• _Records for processing_
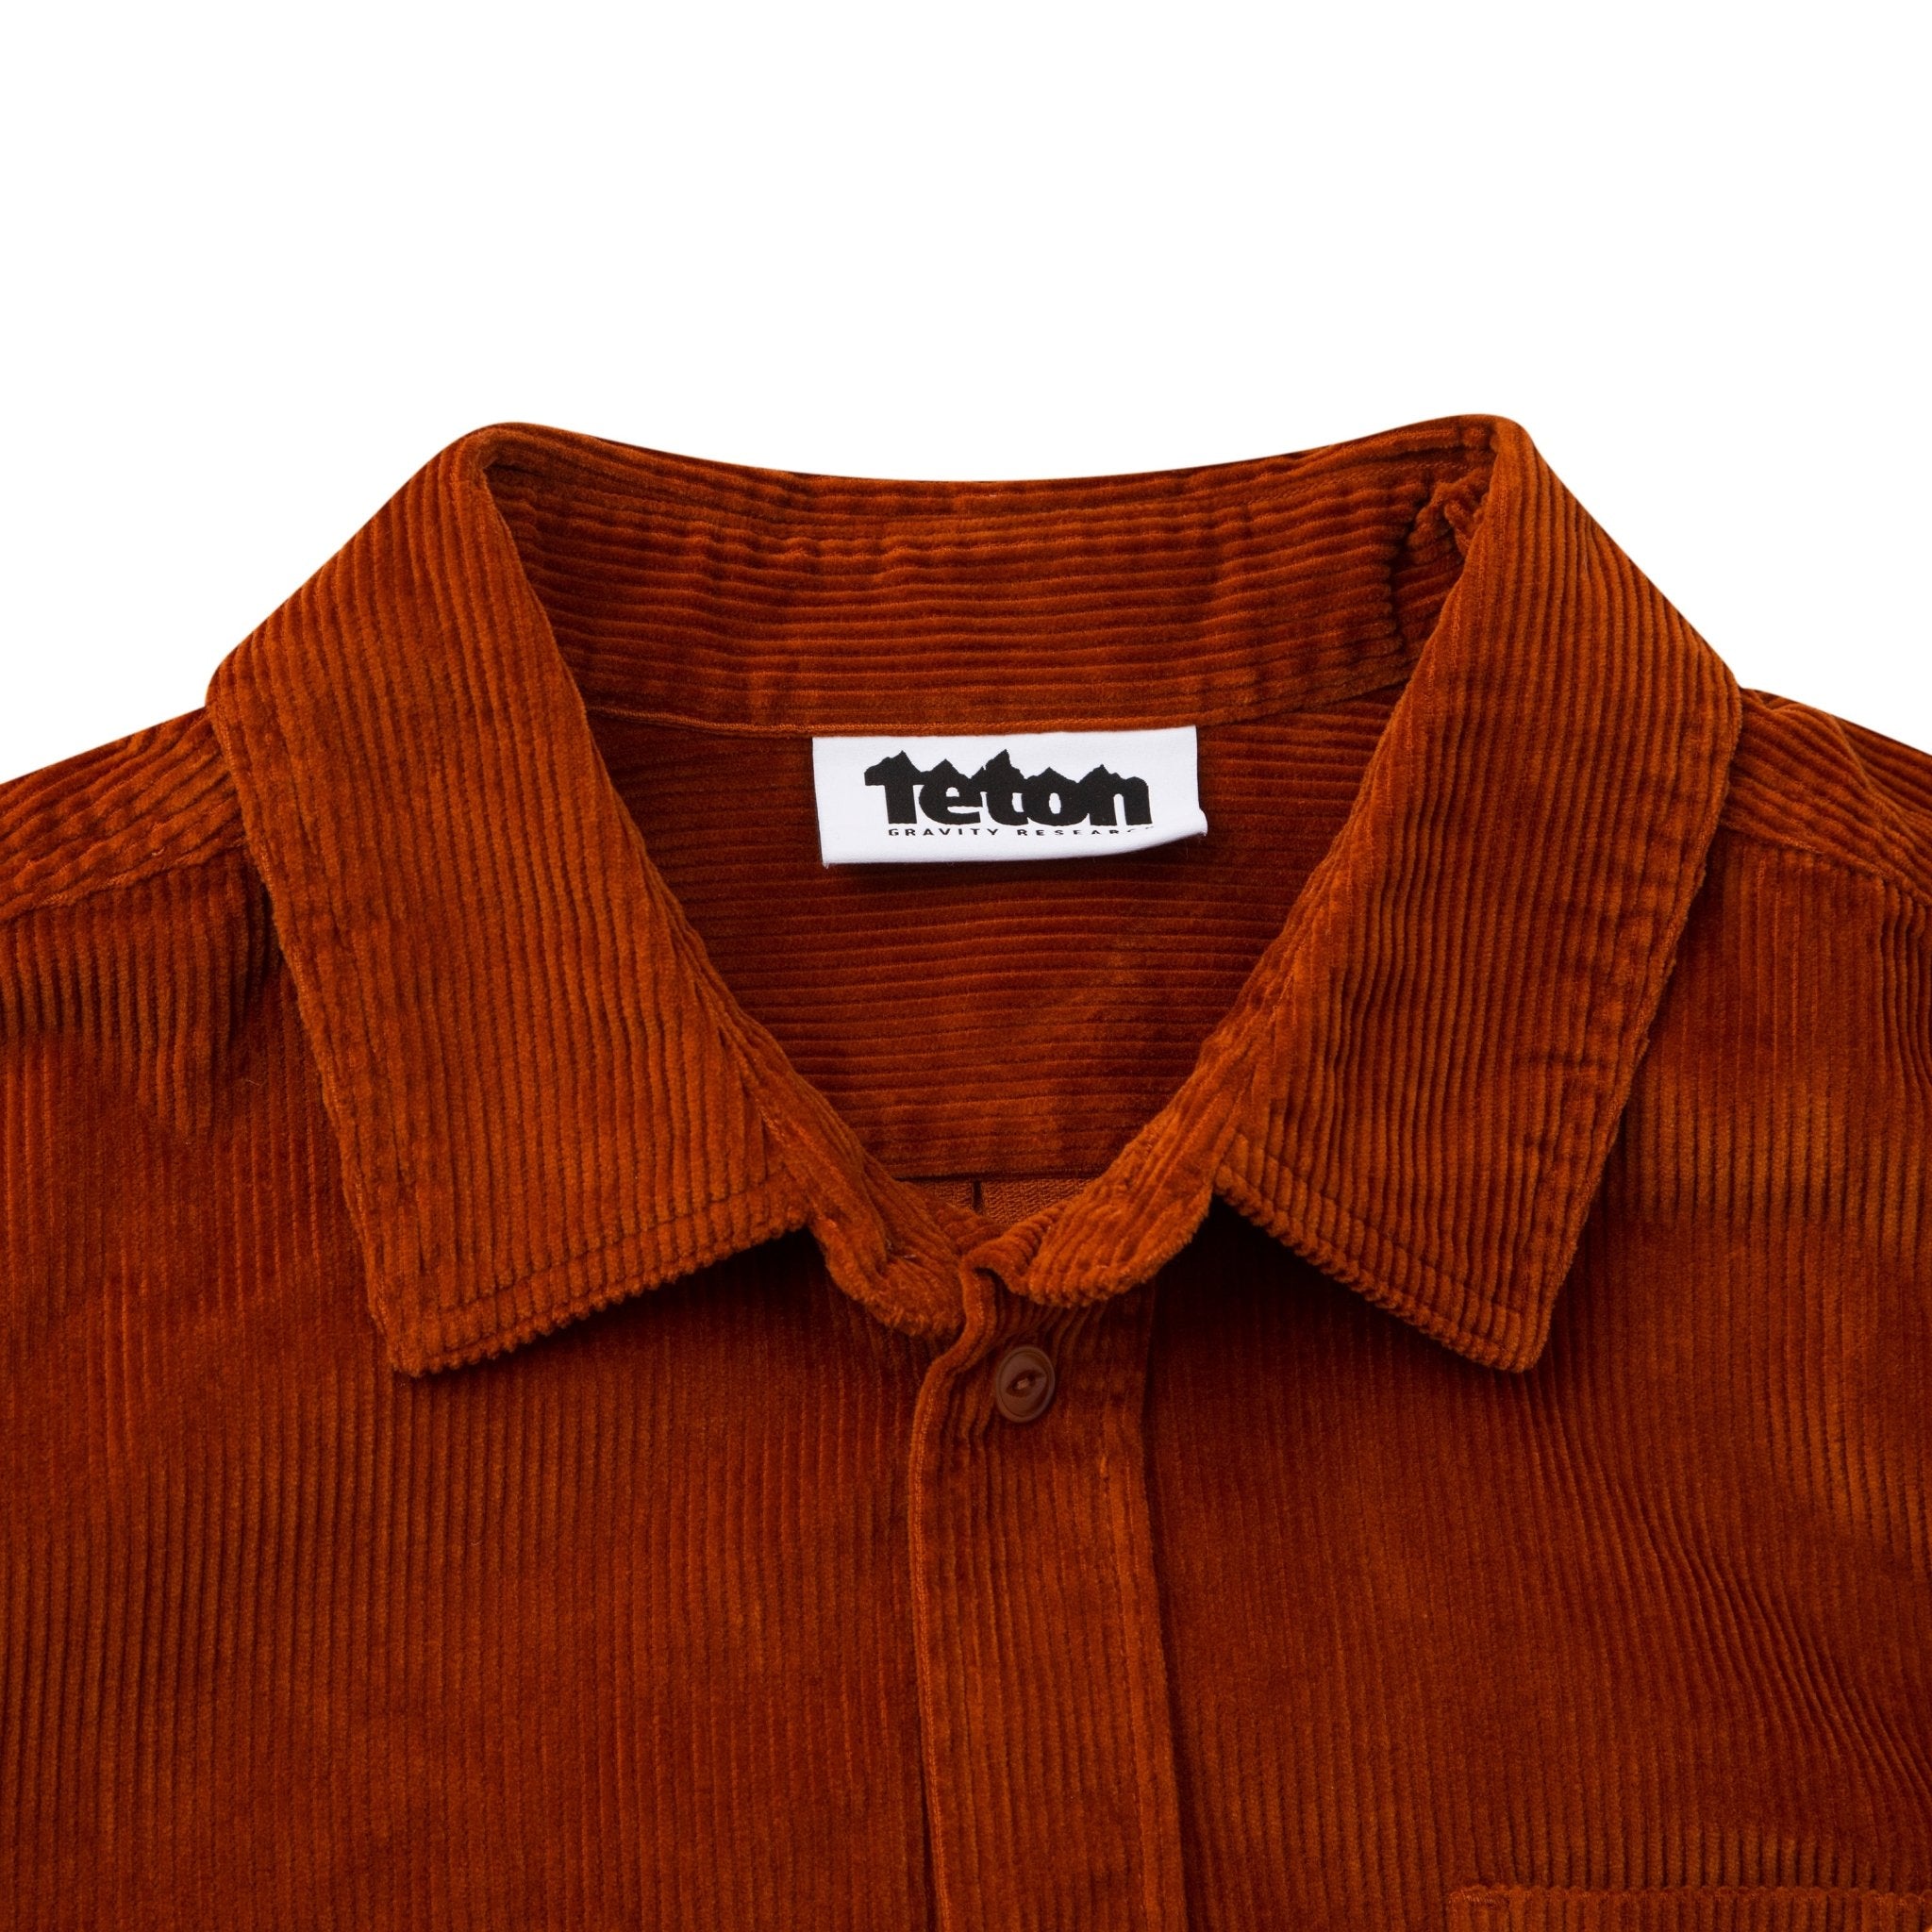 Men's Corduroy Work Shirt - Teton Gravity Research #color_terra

---

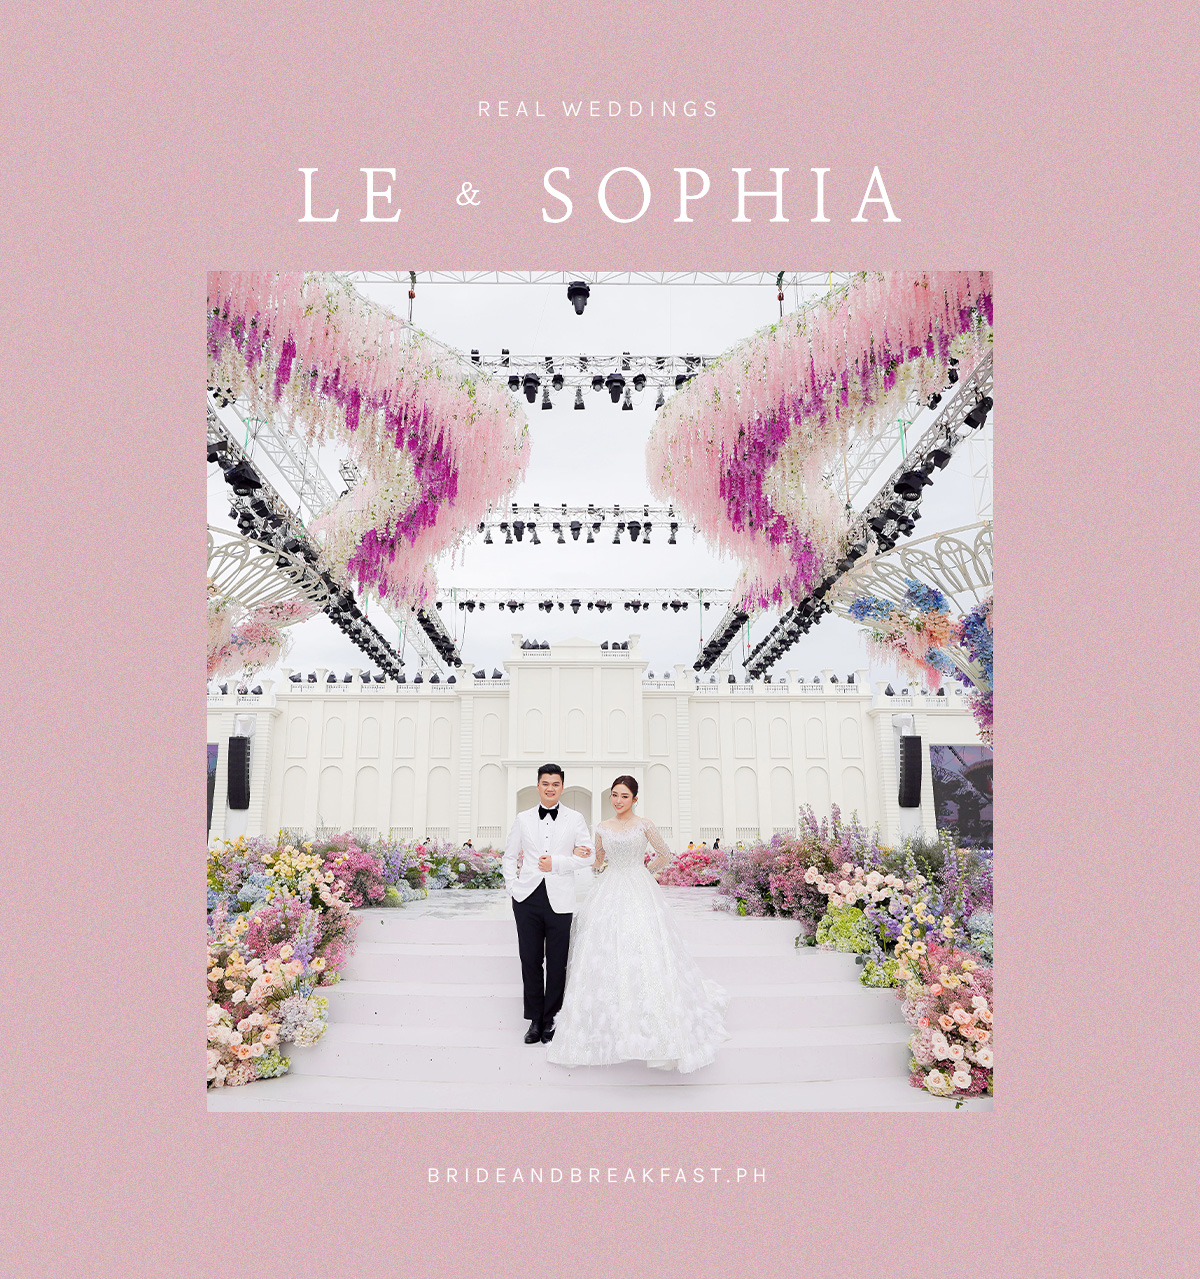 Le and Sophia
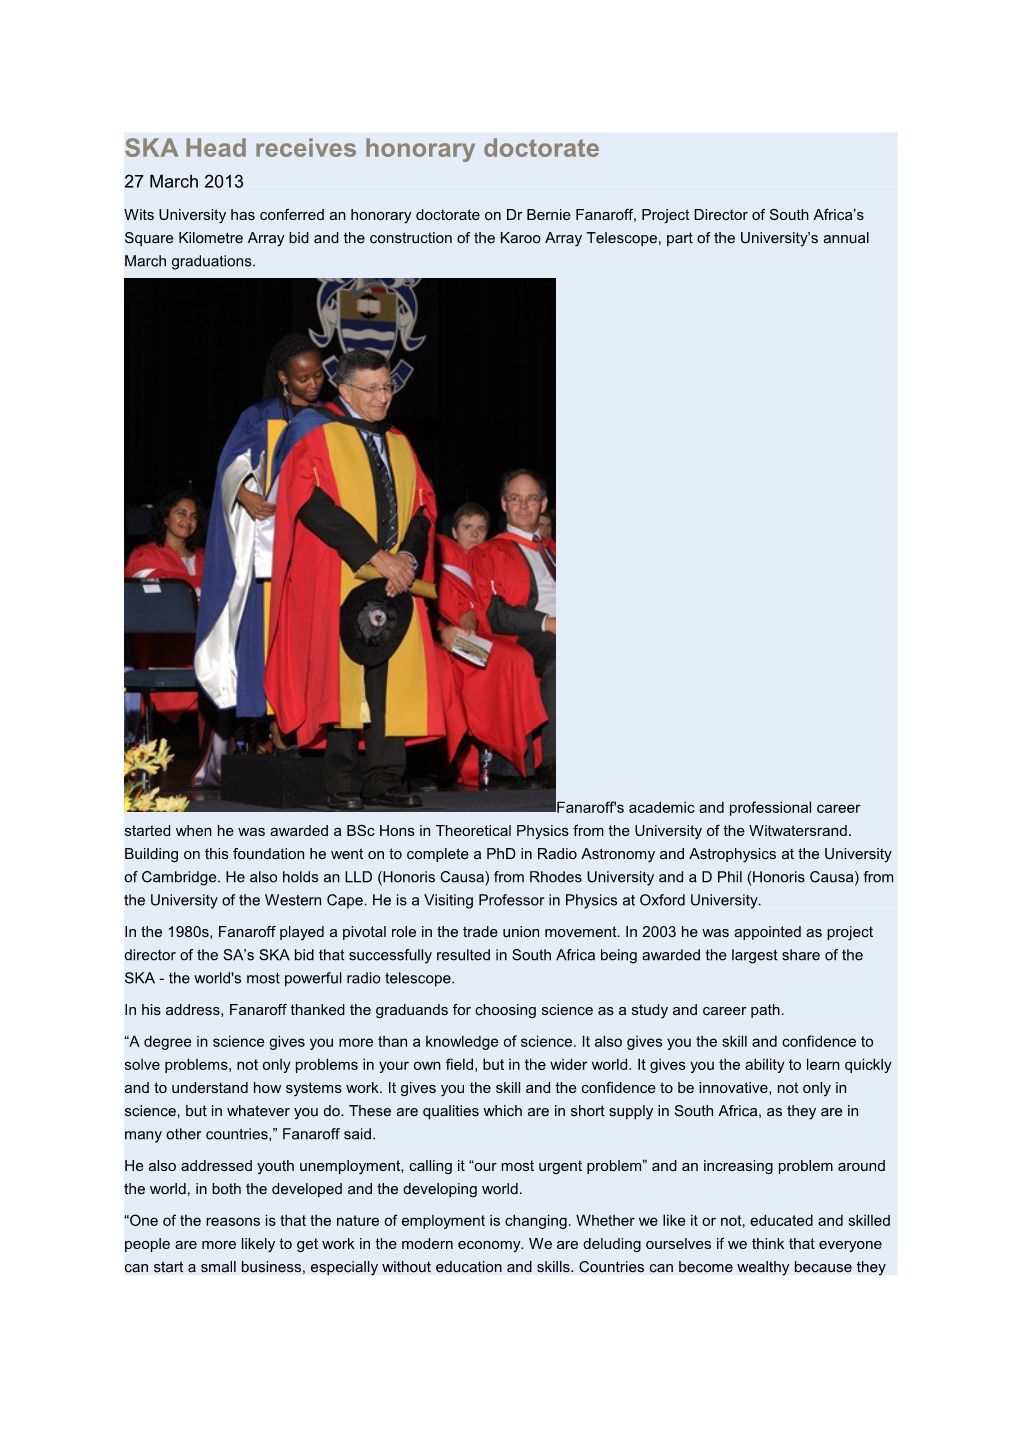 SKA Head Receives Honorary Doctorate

* * *

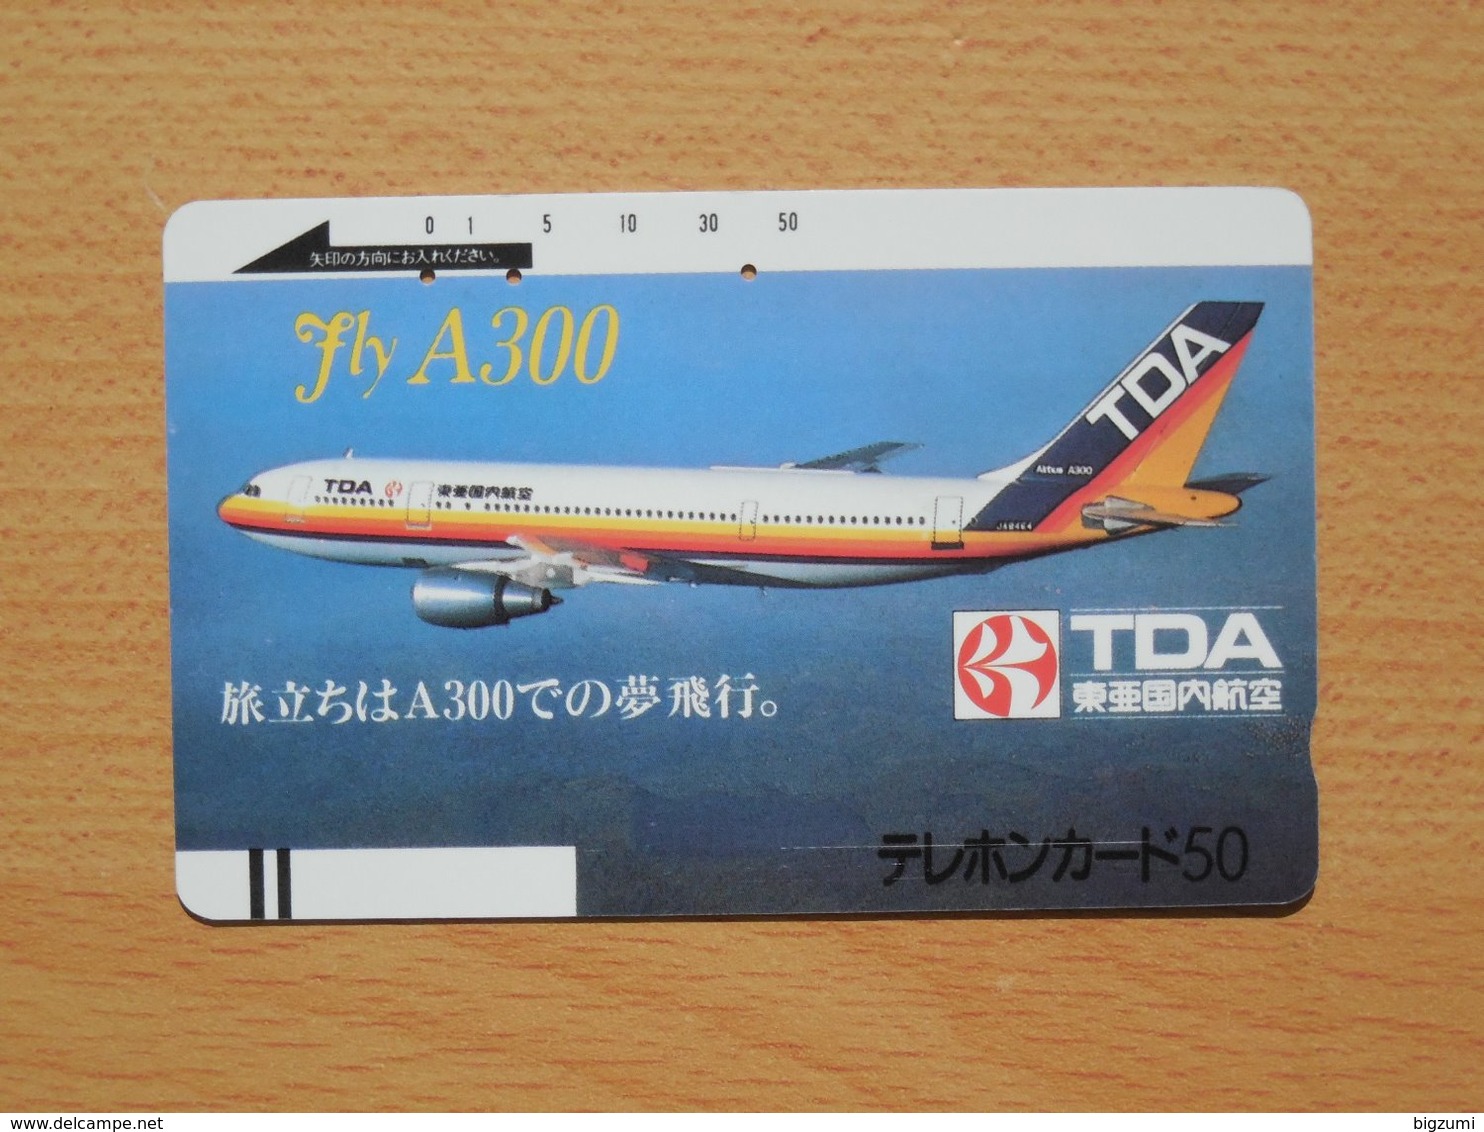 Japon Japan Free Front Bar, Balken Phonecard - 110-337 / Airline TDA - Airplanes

• _Brief_
Out of the records above, please copy exactly the lines from the line with "Le and Sophia" up to and including the line with "SKA Head Receives Honorary Doctorate", minus the pictures.

• _Answer to this problem_
 Le and Sophia
 SKA Head Receives Honorary Doctorate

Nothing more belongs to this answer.